Wild-type, mTmG, mTmG Actin-Cre, mTmG Vav-Cre, and mTmG Nkx2.1-Cre male and female mice were used at greater than 5 weeks of age. mTmG mice (B6.129(Cg)-Gt(ROSA)26Sortm4(ACTB-tdTomato,-EGFP)Luo/J, RRID:IMSR_JAX:007676) were crossed to Actin-Cre mice (B6N.FVB-Tmem163Tg(ACTB-cre)2Mrt/CjDswJ), RRID:IMSR_JAX:019099), Vav-Cre mice (B6.Cg-Commd10Tg(Vav1-icre)A2Kio/J, RRID:IMSR_JAX:008610) or Nkx2.1-Cre mice (C57BL/6J-Tg(Nkx2-1-cre)2Sand/J, RRID:IMSR_JAX:008661, The Jackson Laboratory) to generate mice with membrane GFP labeling in all cells, hematopoietic cells or lung epithelial cells, respectively. All mice were housed and bred in specific pathogen-free conditions at the University of California, San Francisco, or at Vanderbilt University Medical Center. Animal experiments were approved by the Institutional Animal Care and Use Committee of the University of California, San Francisco, or Vanderbilt University Medical Center.

METHOD DETAILS

Allergic airways and specimen collection

Bronchoalveolar lavages were performed with 1 mL of cold PBS. BAL fluid was centrifuged at 500 g for 5 minutes to separate cell free BALF supernatant from hematopoietic cell rich cell pellets. To perform epithelial brushings, brushes were made from 60-grit sandpaper–polished polyethylene PE-10 tube (BD Biosciences) (Sugimoto et al., 2012). The brush was inserted postmortem through the trachea to the mid mediastinum (past the bifurcation of the right and left mainstem bronchus).
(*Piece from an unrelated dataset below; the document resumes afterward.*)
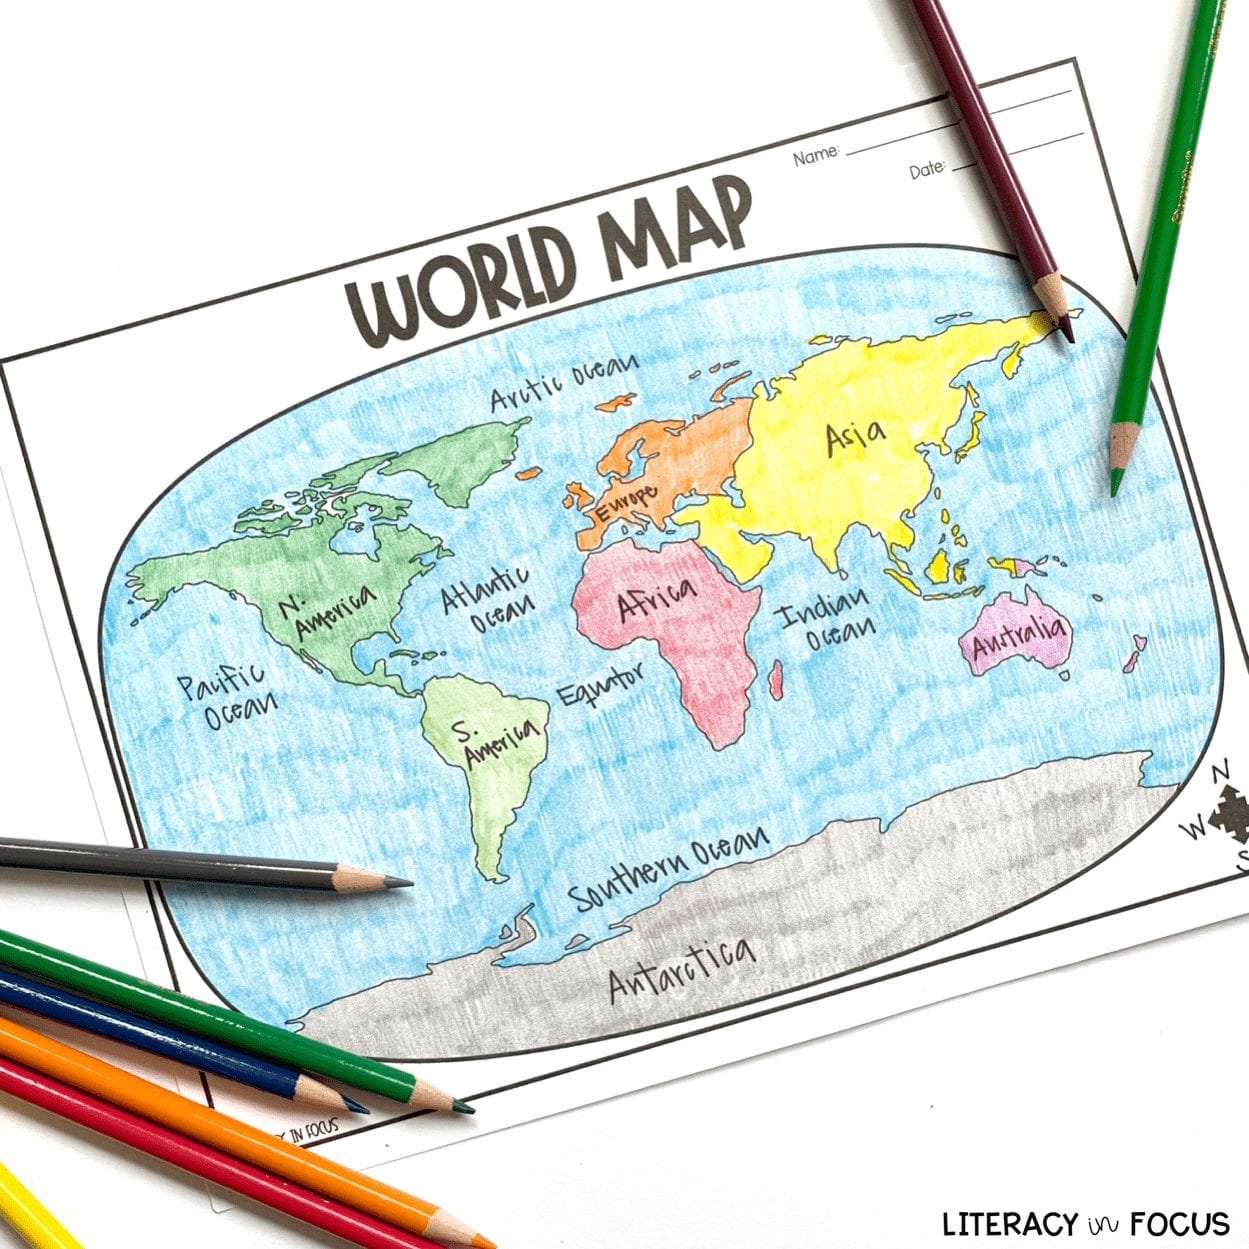 World Map worksheet activity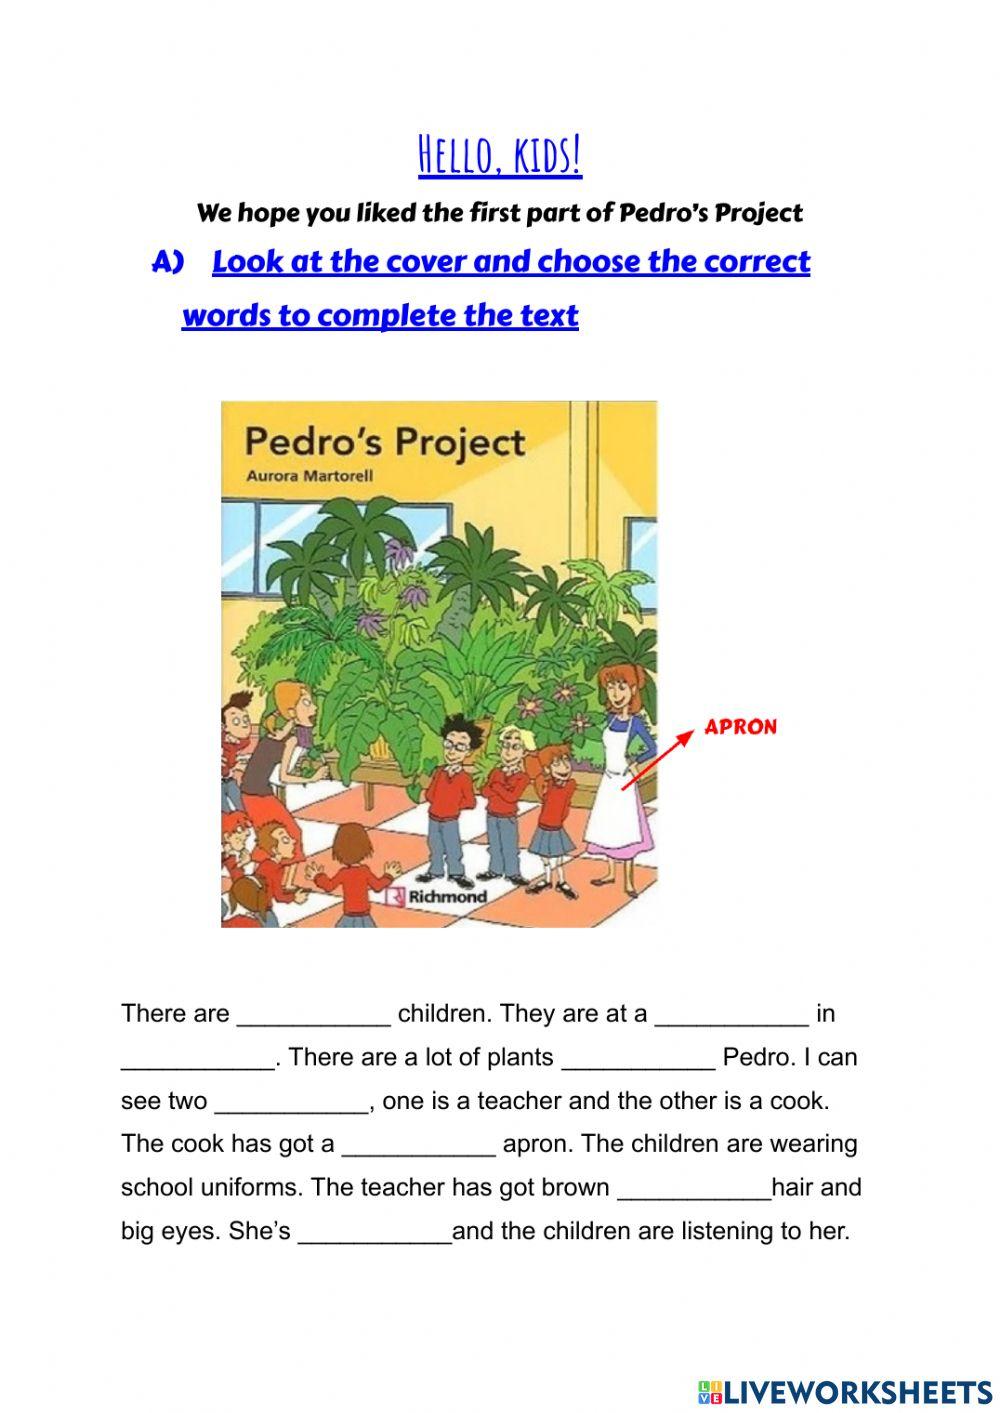 Pedro's Project

The epithelium was gently brushed and collected cells washed directly into Trizol. Blood was drawn slowly from the inferior vena cava immediately postmortem into a 1 or 3ml syringe using a 23G needle to limit hemolysis and collected into a microtainer serum separator tube (Beckton Dickinson). Serum was isolated by centrifugation at 6000 rpm for 3 minutes, followed by centrifugation at 1200 g for 20 minutes to remove residual red blood cells. Visibly hemolyzed specimens were not used for study. For allergic airway experiments, mice were injected intraperitoneally weekly for 3-4 weeks with 50 ug ovalbumin (OVA, Sigma-Aldrich) in 100 ul of PBS plus 100 ul of Imject alum (Thermo Scientific). Starting 7 days after the last injection, mice were challenged daily by oropharyngeal aspiration of 50 ug OVA in 20 ul of PBS or 20 ul of PBS alone for three consecutive days. Specimens were collected on day 4 after the first lung challenge.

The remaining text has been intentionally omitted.